# Projector Slide mount



## acpowell (Apr 16, 2012)

*Projector Slide mount (now completed)*

Not sure if this is the right spot but here goes.

Currently I have a 108x60 screen but with the mounting options I can't quite fill the whole thing because I cannot move my projector back. So last night while watching a movie I came up with an idea that I wanted share to get some opinions on whether it would be a good idea or not.

So my projector is mounted upside down on a homemade mount fixed to the rafters in my basement. I cannot move it back anymore because there is no more celling as the stairs are there. My thought was this: if I could mount the current mount on some slides like from a server rack or a keyboard drawer, I could have the projector pushed out of the way with not in use but then push it back when I wanted to fill the whole screen.

Right now when you jump on the floor above there is no movement on the projector, my worry is that if I make this slide mount that I will get movement when people walk upstairs. 

Has anyone done this or know someone or even seen anything like this done?

Any suggestions or comments would be awesome and appreciated.


----------



## acpowell (Apr 16, 2012)

Well, I managed to procure some server rack slides. Now I need to figure out how to mount them to the celing and then to the projector.


----------



## Starmaster (Jun 3, 2012)

acpowell said:


> Well, I managed to procure some server rack slides. Now I need to figure out how to mount them to the celing and then to the projector.
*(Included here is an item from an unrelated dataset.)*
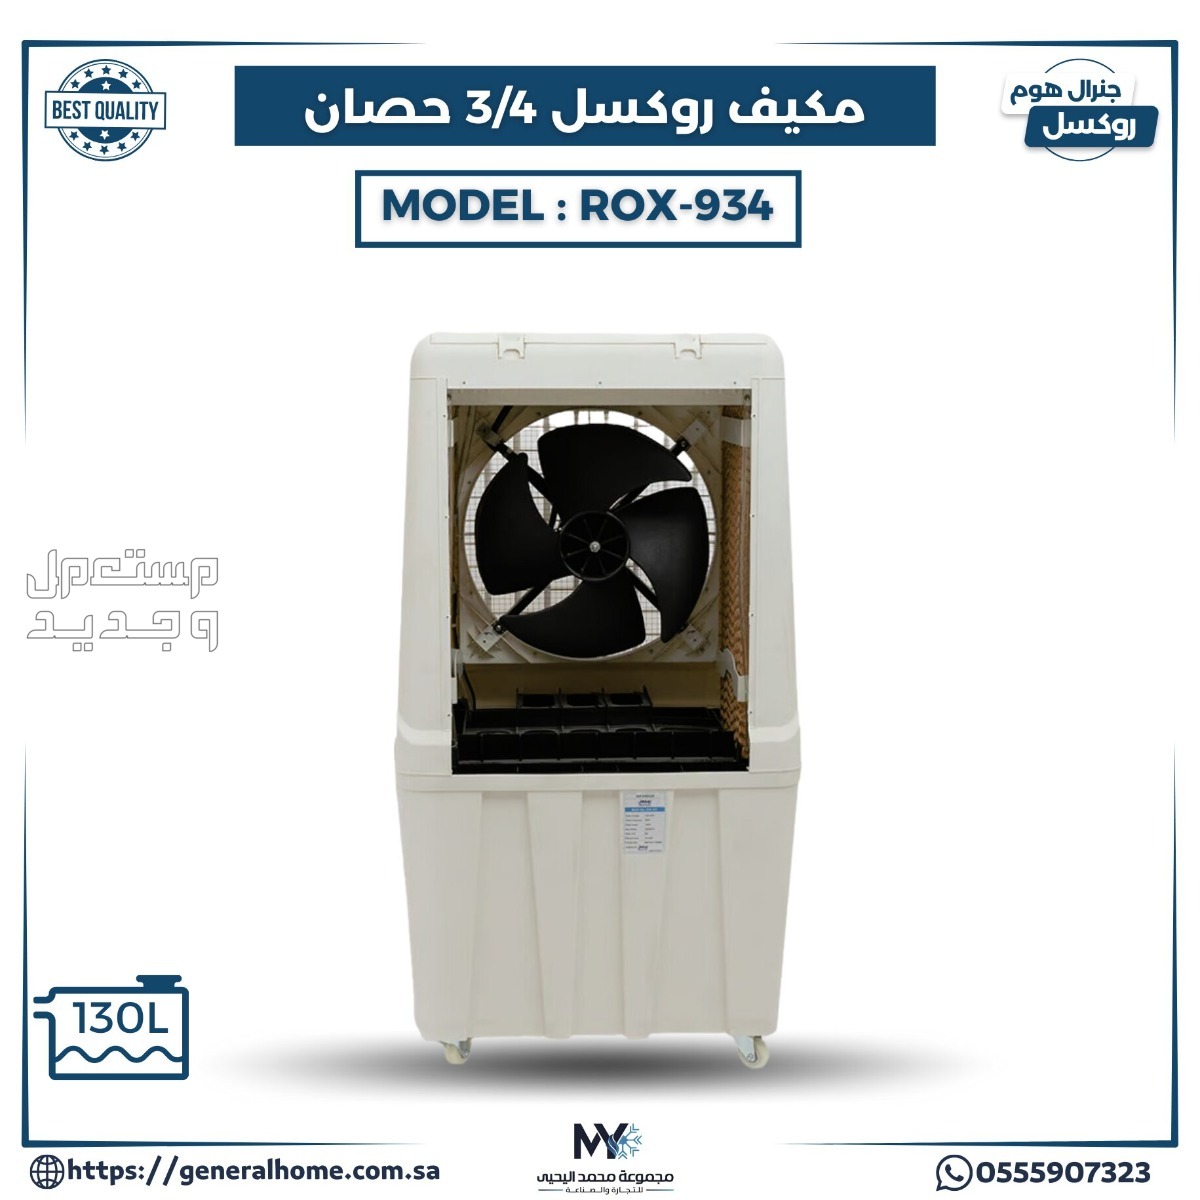 عروض اليحيى للمكيفات بالأنواع والمواصفات والصور والأسعار في الإمارات العربية المتحدة مكيف روكسل 3/4 حصان يدوي موديل ROX - 934

Good luck with that and hope you can get it the way you like as i never done something like that before and would not be of much help..:huh:..on it, let us know how you make out on it. 

Edit: Take a look at this wall mount here http://www.htmarket.com/pwa.html and see what you think of it, now if this link is not allowed i apologize in advance. :innocent:


----------



## acpowell (Apr 16, 2012)

I managed to do it! 
I took a set of server rack slides and mounted them side by side (turned them 1/4 turn toward the center) and screwed them into the celling (rafters) then took the board my projector mounts to and screw that onto the free end of the rails. It all worked perfectly although I miss calculated the distance so I am redoing it tonight. I will post photos as soon as it is completed. I believe this is going to work nicely!


----------



## acpowell (Apr 16, 2012)

And it would seem that this was an overelaborate way of finding out that it wasn't going to quite do what I accomplished. Although I technically did get a larger screen, it was a lot of work and only resulted in like a total of 6 inches (3 per side) which in retro spect is not very much. 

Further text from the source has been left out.